Excerpt from Book Report :

Sports, Race and Social Issues in Friday Night Lights

Sports in general are a form of competitive entertainment where the participants enjoy the pleasure of displaying their natural talent and their skills, while the viewers are relegated to cheering on the team in which are interested in, many times in a very passionate manner. In most sports there is a clear cut line that separates the participating athletes from the fanatics in the crowd. The book Friday night lights contradicts this notion, this book presents an interesting dynamic which blurs the line between fans and athletes combining both to create an uncontrollable entity that consumes the whole town.

This entity uses the Permian Panther football as a means to express the true feelings and ideals that are shared by the residents of the town. Football is used as vessel that uncovers the sometimes ugly reality of a town that seems locked in a time capsule unaffected by the civil rights movements or the educationally conscious movements of the late 21st century. The themes and issues of race, politics, southern culture, and economics are explored through the major characters of this book.

In a broad and positive sense football is the only element that allows racially and economically challenged town of Odessa to come together communally. The town is clearly divided not only emotionally and mentally but physically as well. The emotions and thoughts of the white residents in town are clearly displayed throughout the book by the racist remarks of many who repeatedly proclaim that blacks and Hispanics are intellectually inferior to whites. They blame the poor overall academic performance of the school on the influx of blacks and Hispanics. They fail to recognize the real reason that they are underachieving academically; which is their preference and bias support for the football program. There are various mentions of the wall that separates the white side of town from the "nigger town" where all the blacks in Odessa reside. The white residents in the town clearly uphold and live by the old southern white supremacist way of life. Football events are the settings in which both black and whites can interact in a positive and civilized manner.

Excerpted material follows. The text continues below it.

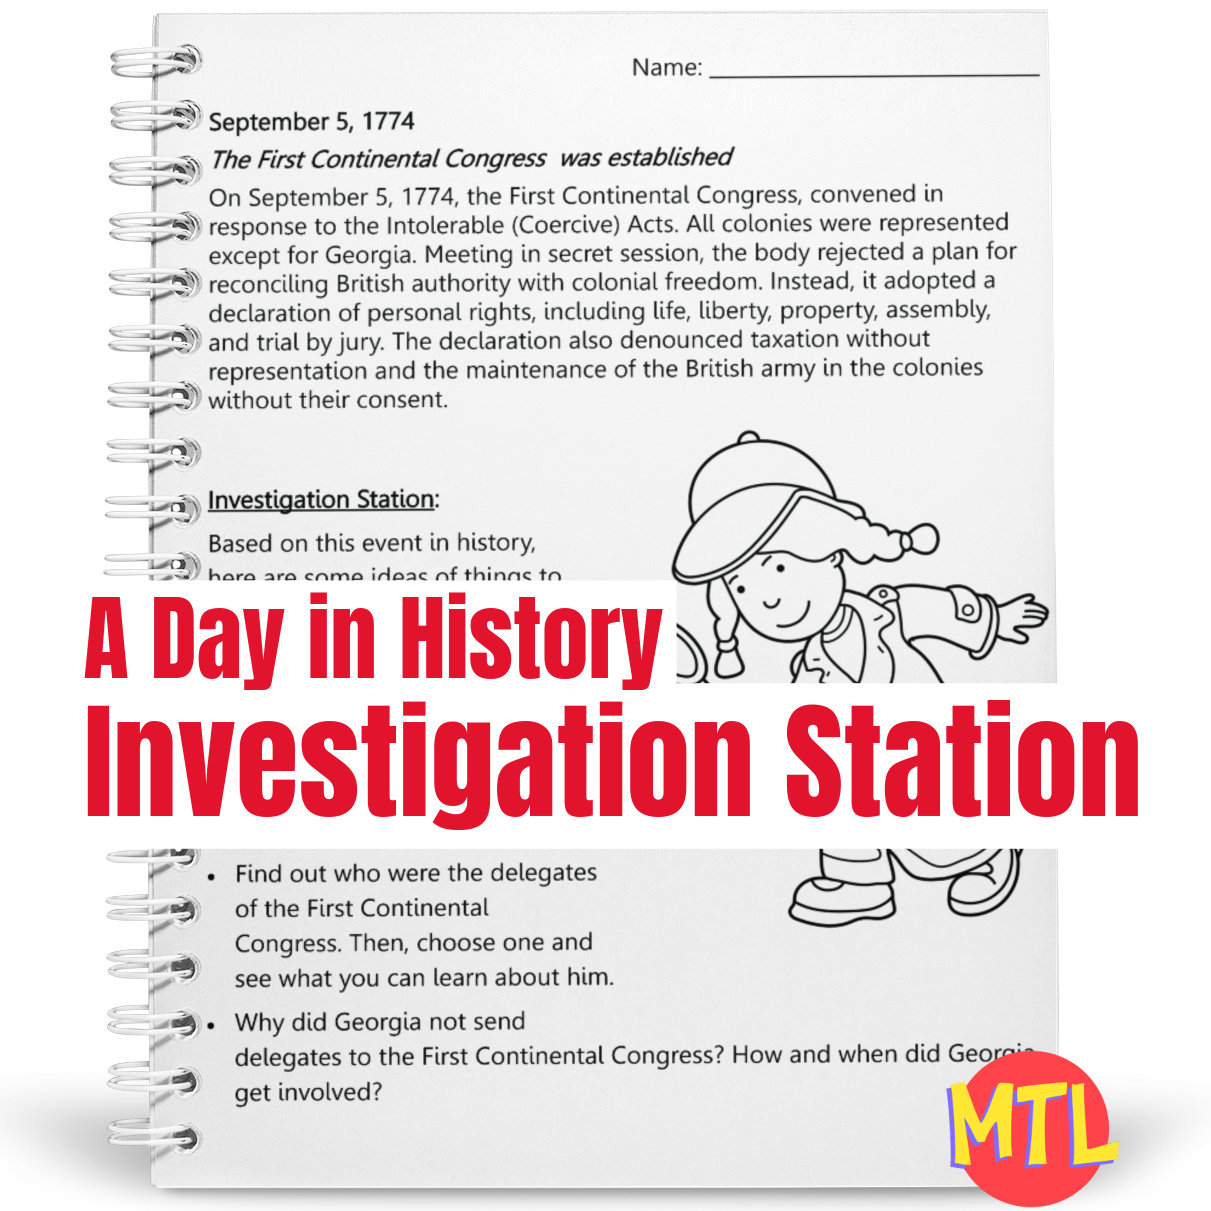 A Day in History - Investigation Station is a series of fun sleuthing research activities based on a single event on a specific day in history! This resource centers around the convening of the First Continental Congress. Investigation ideas include the study of the Intolerable Acts, the delegates that attended and finding out why Georgia did not send a delegate.

The watermelon feed in which all the football players are introduced is important because is the first event in the book in which all races interact and ignore their differences united by a common goal, which is the capture of a state football title. Winning is important to this community because it is an elements that transcends time and space, it brings together past generations with the present and the future generations of Odessa. This is significant because it combines old prevailing and many times racist attitudes to clash with the progressive and modern attitudes of the newer generations. It appears that for most members in any given community it is important to honor and remember previous generations, this is the reason that history is so celebrated and remembered. It gives us chance to honor the achievements of our predecessors. The town of Odessa seeks to continue this by holding events like the watermelon feed where they replay old tapes of past champions in order to inspire the current and future generations.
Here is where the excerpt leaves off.